Daftar isi
Jakarta, Pahami.id —
Kasus guru yang divonis bersalah menghukum muridnya belakangan ini ramai dibicarakan publik, salah satunya guru honorer Supriyani yang dilaporkan seseorang. polisi karena menghukum putranya di Sulawesi Tenggara (Sultra).
Sebelumnya, beberapa kasus serupa juga menunjukkan guru yang berkonflik dengan hukum karena cara menegur atau menghukum siswanya.
Menanggapi maraknya fenomena kasus guru yang diproses hukum pidana untuk mendisiplinkan siswa, pakar hukum pidana Universitas Trisakti Albert Aries mengatakan aparat penegak hukum sebaiknya segera meninggalkan instrumen hukum pidana sebagai bentuk balas dendam.
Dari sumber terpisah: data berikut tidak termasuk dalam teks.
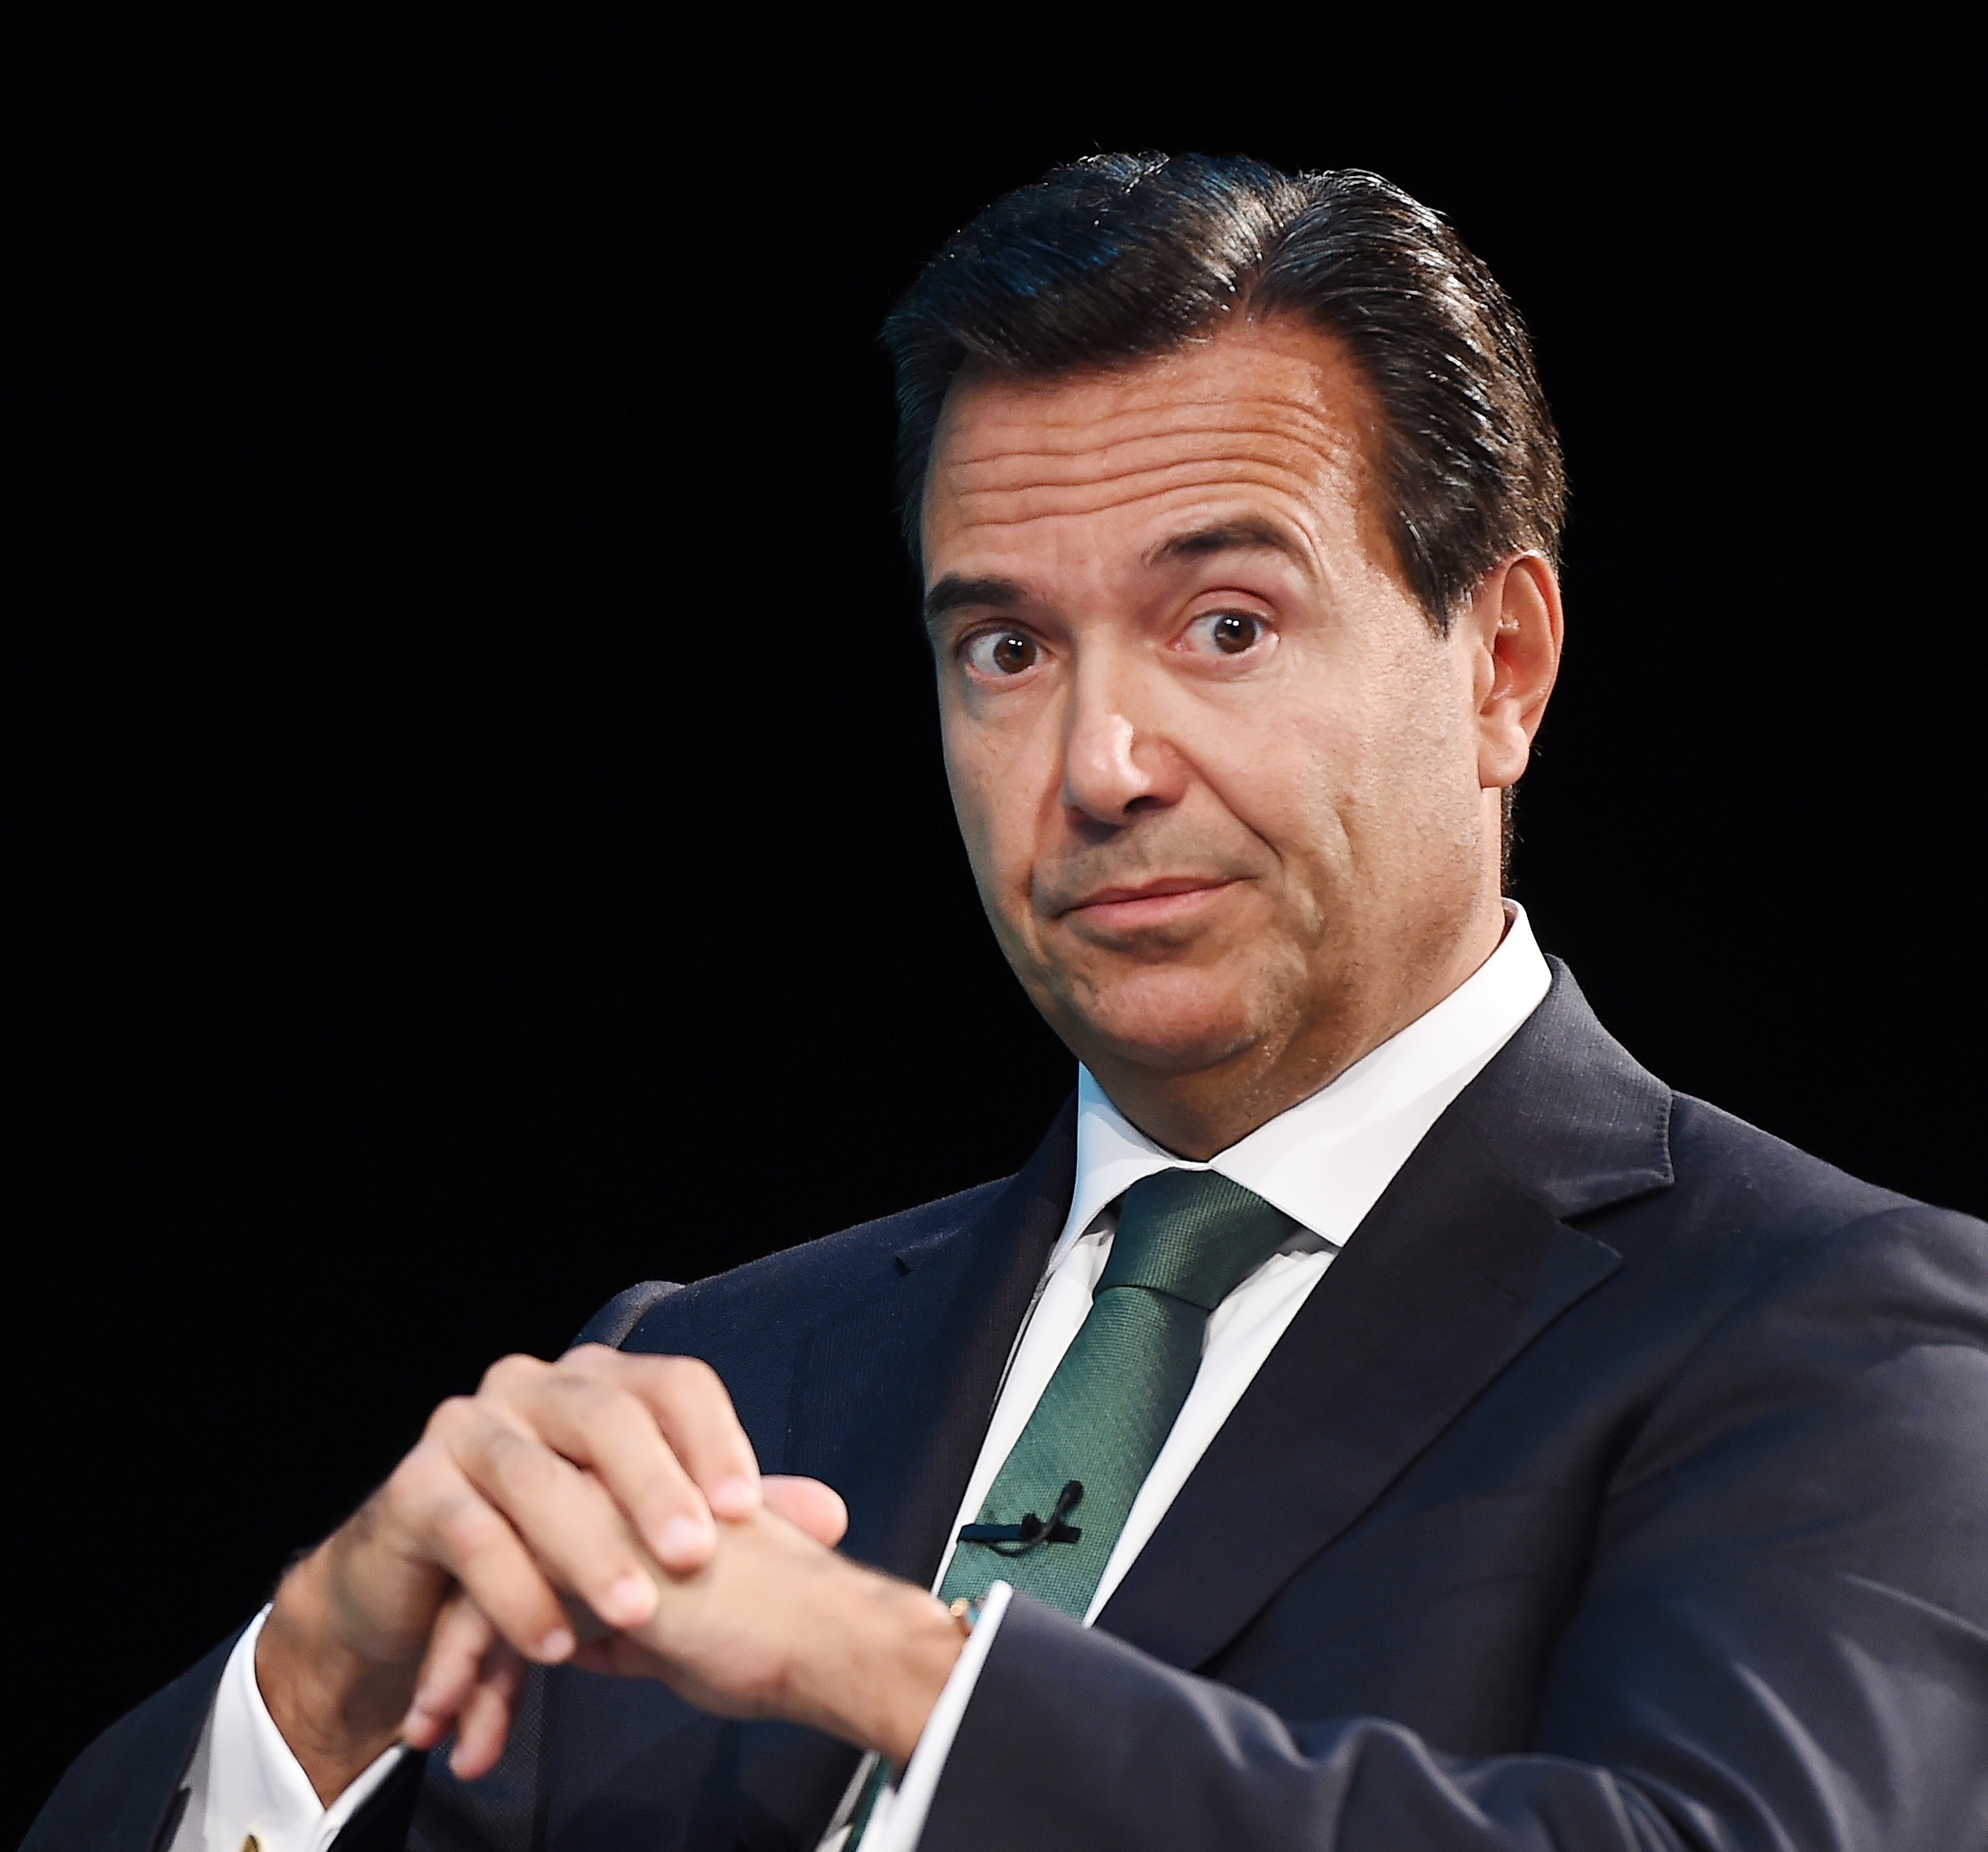 Quién es Antonio Horta-Osório, el presidente de Credit Suisse Group que dimitió tras saltarse la cuarentena

Ia kemudian mengingatkan kita pada KUHP baru yang akan mulai berlaku tiga tahun setelah disahkan pada tahun 2023.
“Masyarakat dan aparat penegak hukum (polisi, jaksa, hakim & pembela) perlu segera meninggalkan paradigma lama (keadilan retributif) yang menggunakan instrumen hukum pidana sebagai alat balas dendam (Lex talionis) dalam menyambut berlakunya KUHP Baru pada tahun 2026,” kata Albert Aries dalam keterangan tertulisnya, Selasa (5/11).
Tegasnya, proses hukum terhadap guru yang melakukan tindakan disiplin terhadap siswanya perlu mengedepankan pendekatan restorative justice. Artinya, kata Albert, tidak fokus pada pemidanaan dengan mengutamakan proses penyelesaian di luar pengadilan.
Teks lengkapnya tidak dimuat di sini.